Among the most heavily traded by volume were Yangzijiang Shipbuilding which lost 1.54 per cent or two cents to $1.28 with 10.8 million shares traded as at 9.01am, and Genting Singapore which fell 0.57 per cent or 0.5 cent to 87.5 cents with 1.7 million shares changing hands.
Singtel tumbled 1.52 per cent or five cents to $3.24 with 2.1 million shares traded as at 9.01am. The telecommunications group on Thursday morning posted a 35 per cent slump in its first-quarter net profit to $541.1 million amid industry and economic headwinds.
Banking stocks were in negative territory during early morning trade.
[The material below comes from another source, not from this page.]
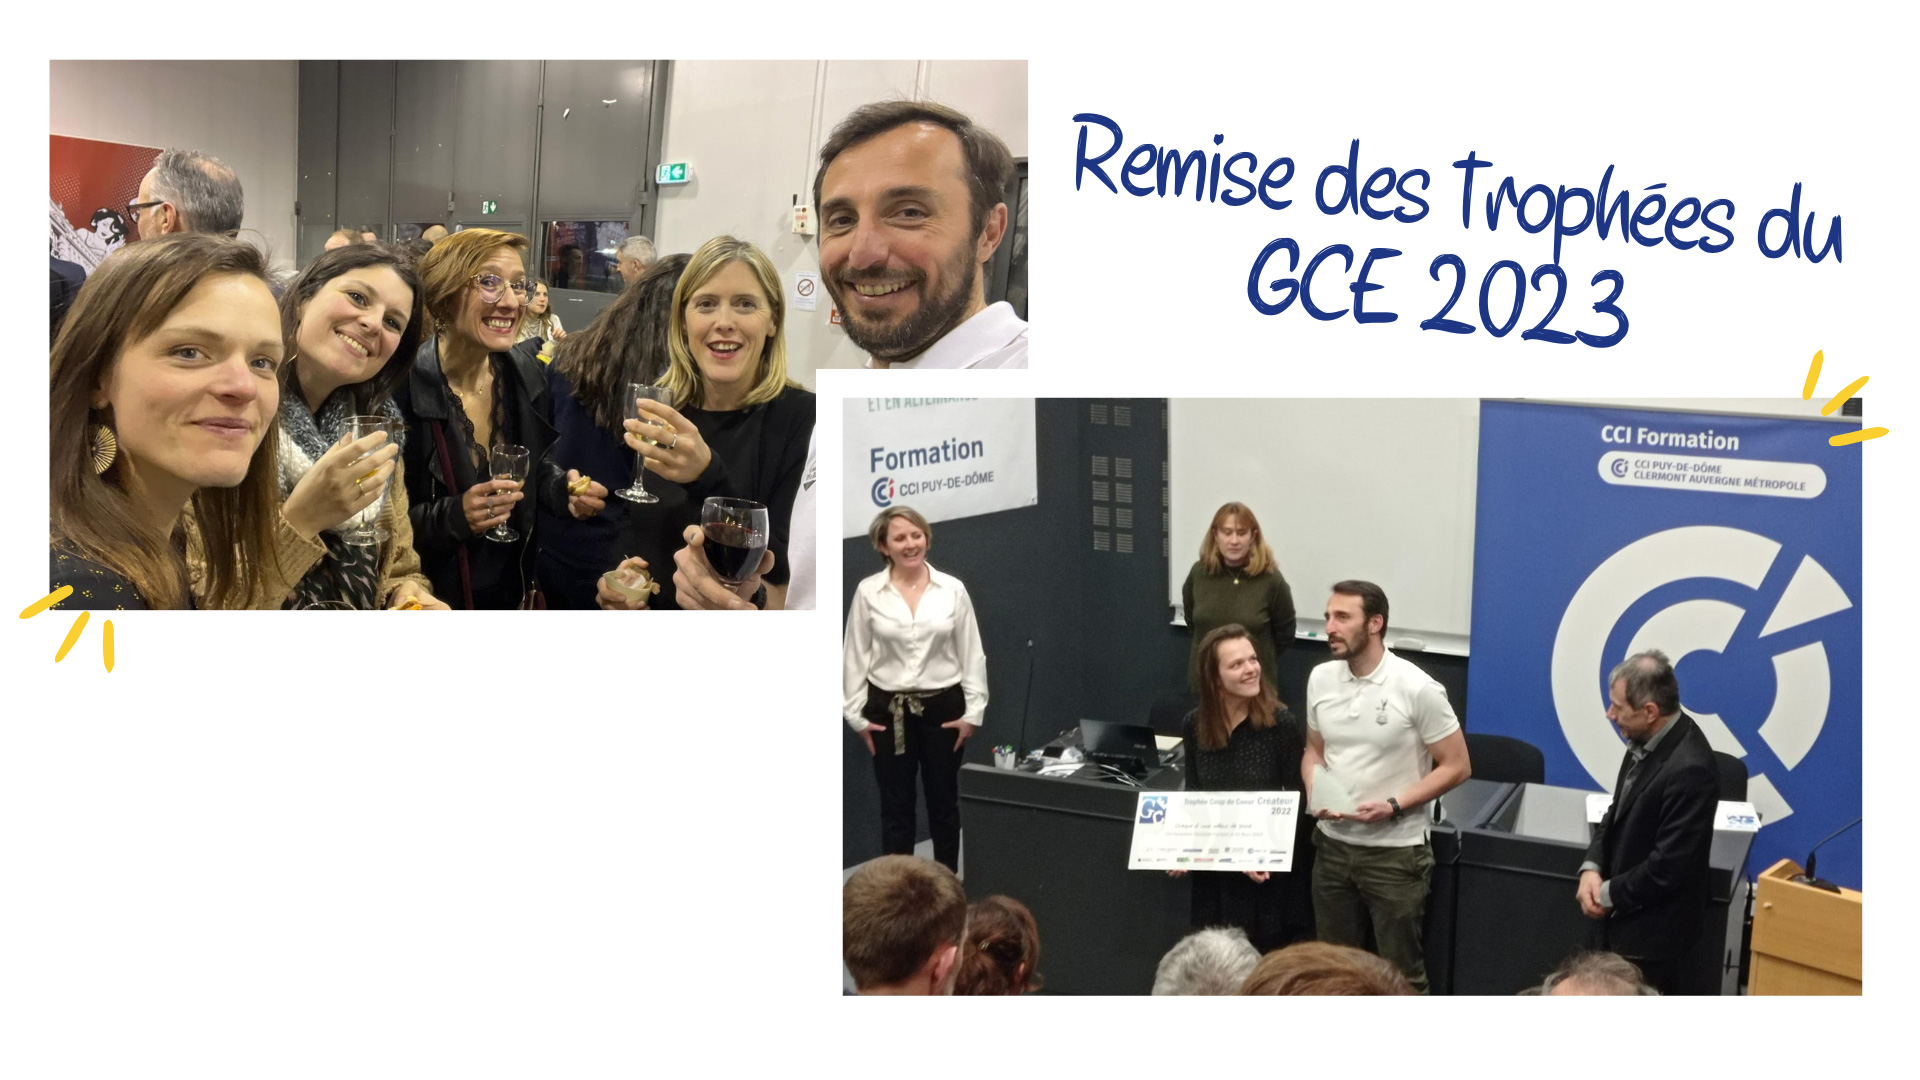 You are currently viewing La remise des trophées du GCE 2023 !

DBS was down 0.88 per cent or 22 cents to $24.86, UOB slipped 0.23 per cent or six cents to $25.87, while OCBC lost 0.63 per cent or seven cents to $11.00 as at 9.01am.
Other active index securities included the Singapore Exchange (SGX) which gained 0.25 per cent or two cents to $8.04, Keppel Corporation which dropped 1 per cent or six cents to $5.93, and Ascendas Reit which rose 0.33 per cent or one cent to $3.07 as at 9.01am.
The Singapore bourse's losses on Thursday morning run counter to the mild gains seen in other markets around the world.
In the US, the S&P 500 recovered from steep early losses to end slightly higher on Wednesday, as investors snapped up oversold shares and bond yields rebounded from significant lows that raised fears about a recession.
European shares likewise rose on Wednesday, breaking a three-day losing streak on euphoria over a multibillion-dollar German chemical deal.
Elsewhere in Asia, Tokyo's key Nikkei index opened higher on Thursday, as investors hunted for bargains after four days of losses driven by concerns over trade tensions between the United States and China.